Data section start

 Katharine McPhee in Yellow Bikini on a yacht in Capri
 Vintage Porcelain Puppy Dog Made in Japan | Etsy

Data section end
Data section start

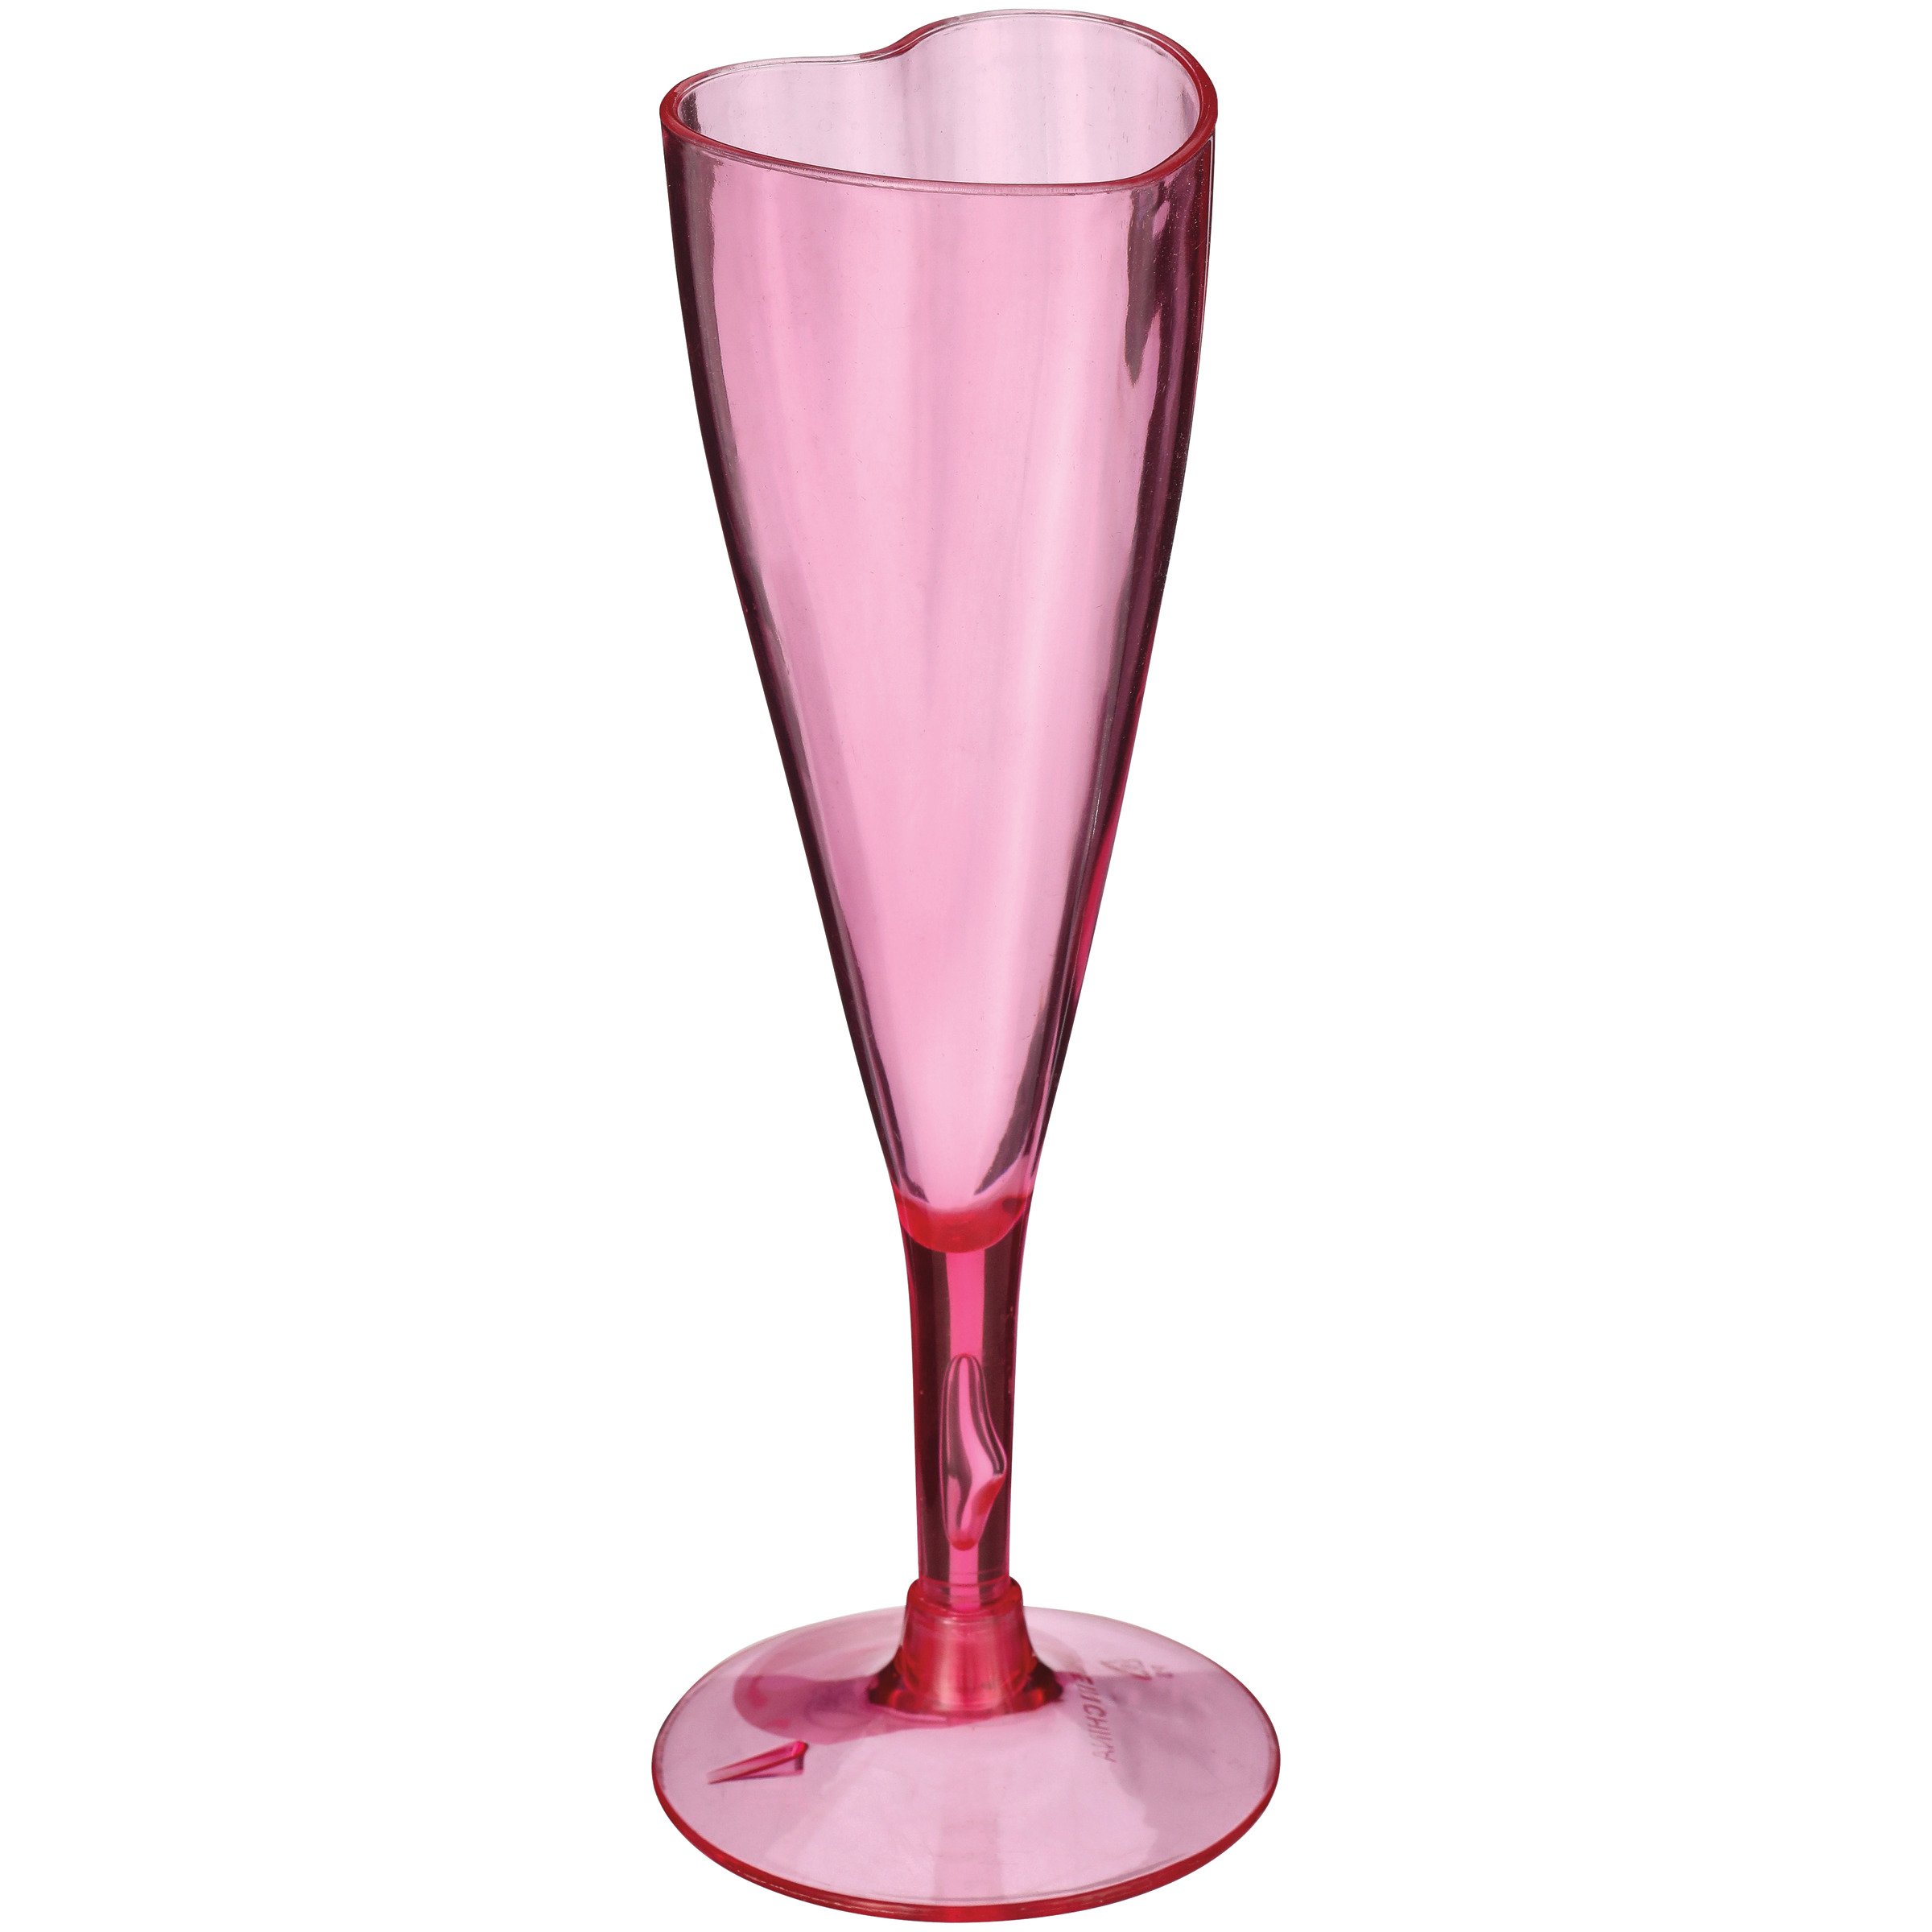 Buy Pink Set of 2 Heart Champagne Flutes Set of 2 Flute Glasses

Data section end
Data section start

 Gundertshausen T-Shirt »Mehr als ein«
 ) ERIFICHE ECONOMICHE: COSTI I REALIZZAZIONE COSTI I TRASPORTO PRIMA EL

Data section end

Lines wanted from the listing above: the line with "Katharine McPhee in" up to and including the line with "Vintage Porcelain Puppy". Please write them out exactly, adding nothing else.

Solution for this problem -
 Katharine McPhee in Yellow Bikini on a yacht in Capri
 Vintage Porcelain Puppy Dog Made in Japan | Etsy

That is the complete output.